Hundreds of parishioners in parkas, scarves and boots packed the pews and stood in the aisles for Mass at a chilly Church of St. Rose in storm-ravaged Belmar, N.J., where the floodwaters had receded but the streets were slippery with strong-smelling mud. Firefighters and police officers sat in the front rows and drew applause.
Roman Catholic Bishop David O'Connell said he had no good answer for why God would allow the destruction that Superstorm Sandy caused.
But he assured parishioners: "There's more good, and there's more joy, and there's more happiness in life than there is the opposite. And it will be back. And we will be back."
With temperatures dipping into the 30s overnight and close to 700,000 homes and businesses in New York City, its northern suburbs and Long Island still without electricity six days after the storm, New York Gov. Andrew Cuomo warned that many homes are becoming uninhabitable and that tens of thousands of people are going to need other places to stay.
Over the weekend, the city opened warming shelters in areas without power and Mayor Michael Bloomberg urged elderly people without heat to move to them. The city also began handing out 25,000 blankets to those who insisted on staying in their homes.
"Please, I know sometimes people are reticent to take advantage of services. The cold really is something that is dangerous," Bloomberg said.

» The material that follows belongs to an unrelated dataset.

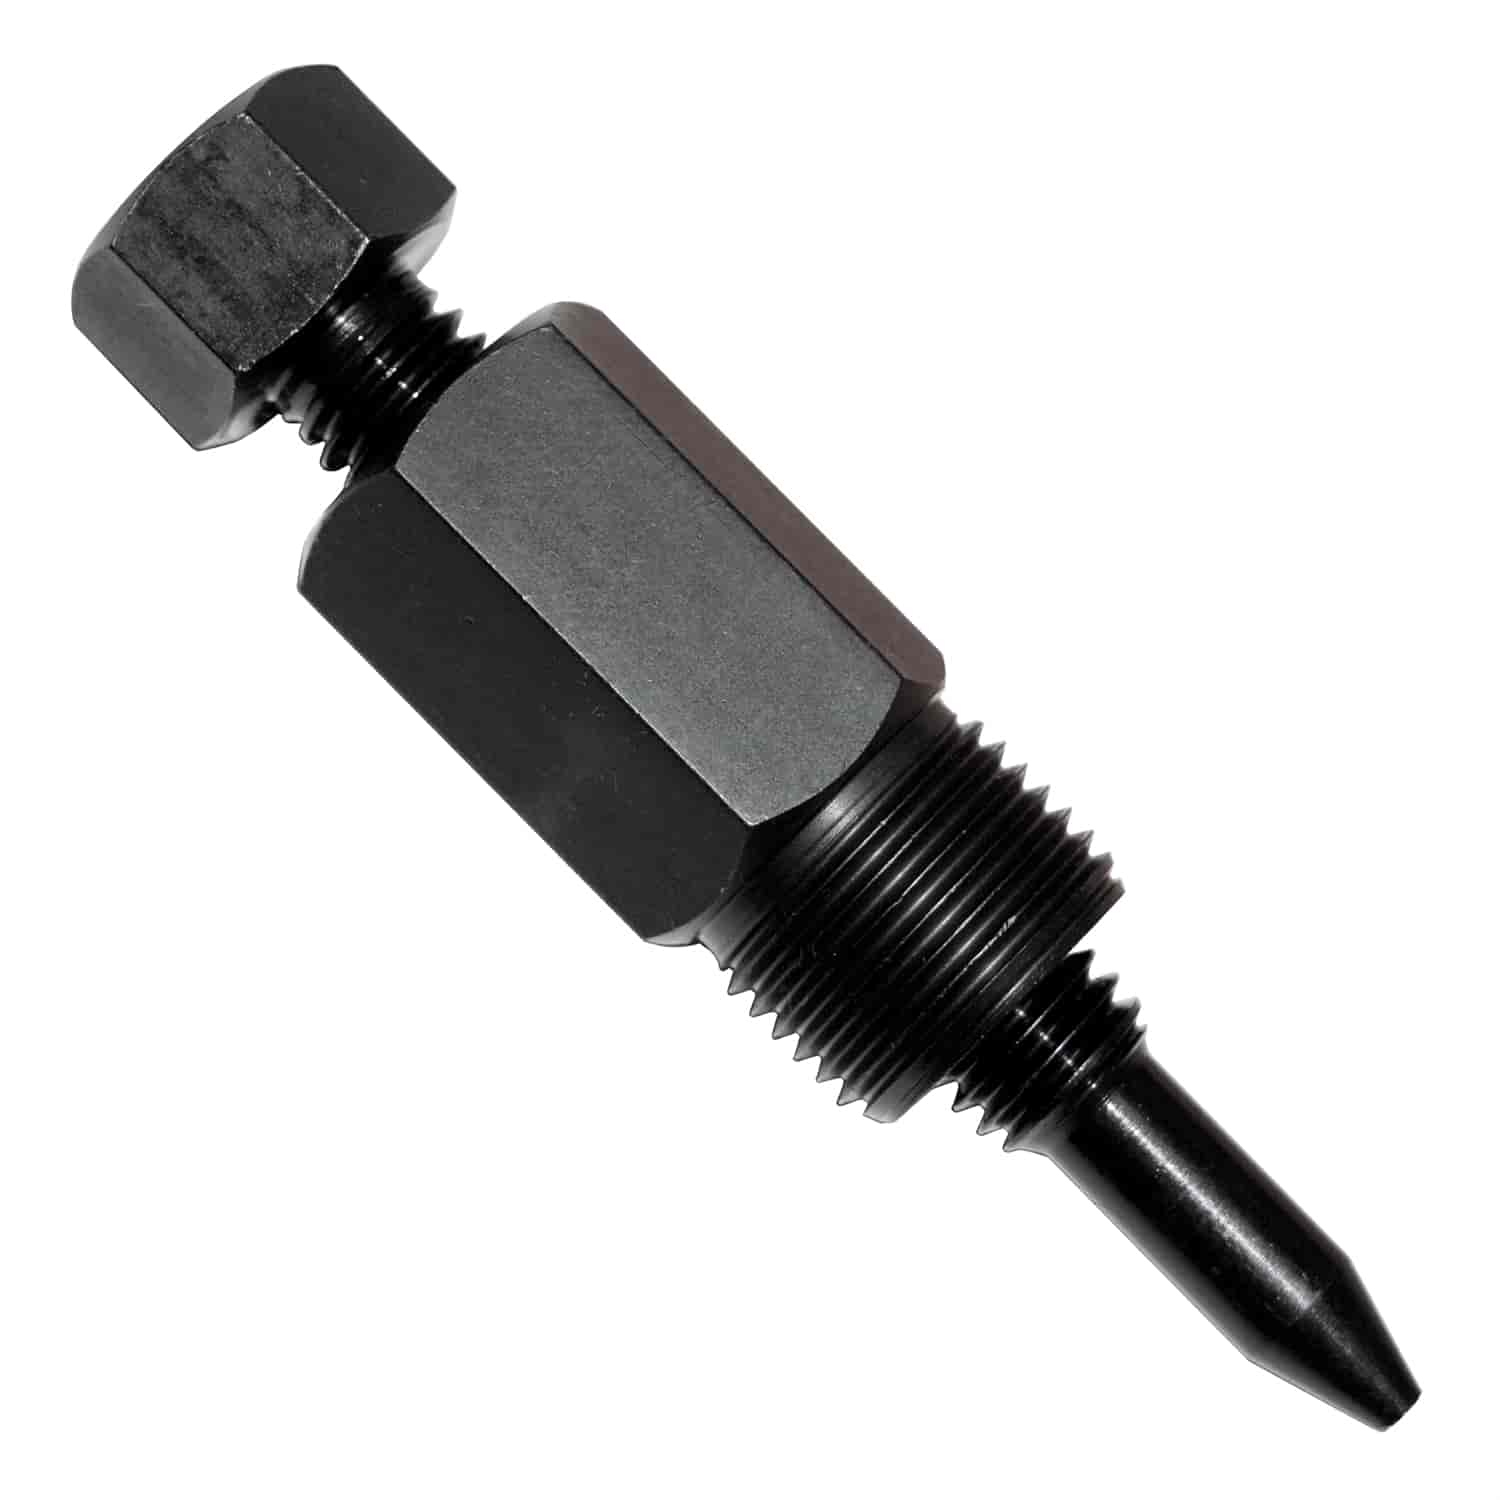 CLUTCH PLATE REMOVER

Staten Island resident Sara Zavala had no power and was relying on a propane heater, but she was using it only during the day. She didn't want to go to sleep with it running at night.
"When I woke up, I was like, 'It's freezing.' And I thought, 'This can't go on too much longer,'" Zavala said. "And whatever this is we're breathing in, it can't be good for you. Mildew and chemicals and gasoline."
A rainy storm was in the forecast for the middle of the week, worrying those who got slammed by Sandy.
"Well, the first storm flooded me out, and my landlord tells me there's a big crack in the ceiling, so I guess there's a chance this storm could do more damage," John Lewis said at a shelter in New Rochelle, N.Y. "I was hoping to get back in there sooner rather than later, but it doesn't look good."
After the abrupt cancellation of Sunday's New York City Marathon, some of those who had been planning to run the 26.2-mile race through the city streets instead headed to hard-hit Staten Island to volunteer to help storm victims.
Thousands of other runners from such countries as Italy, Germany and Spain poured into Central Park to hold impromptu races of their own. A little more than four laps through the park amounted to a marathon.
"A lot of people just want to finish what they've started," said Lance Svendsen, organizer of a group called Run Anyway.
Though New York and New Jersey bore the brunt of the destruction, at its peak, the storm reached 1,000 miles across, killed more than 100 people in 10 states, knocked out power to 8.5 million homes and businesses and canceled nearly 20,000 flights. Damage has been estimated $50 billion, making Sandy the second most expensive storm in U.S. history, behind Hurricane Katrina.
More than 900,000 homes and businesses in New Jersey were still without electricity.
With fuel deliveries cut off by storm damage and many metropolitan-area gas stations lacking the electricity needed to operate their pumps, drivers waited in line for hours for a chance at a fill-up, snapping at each other and honking their horns in frustration.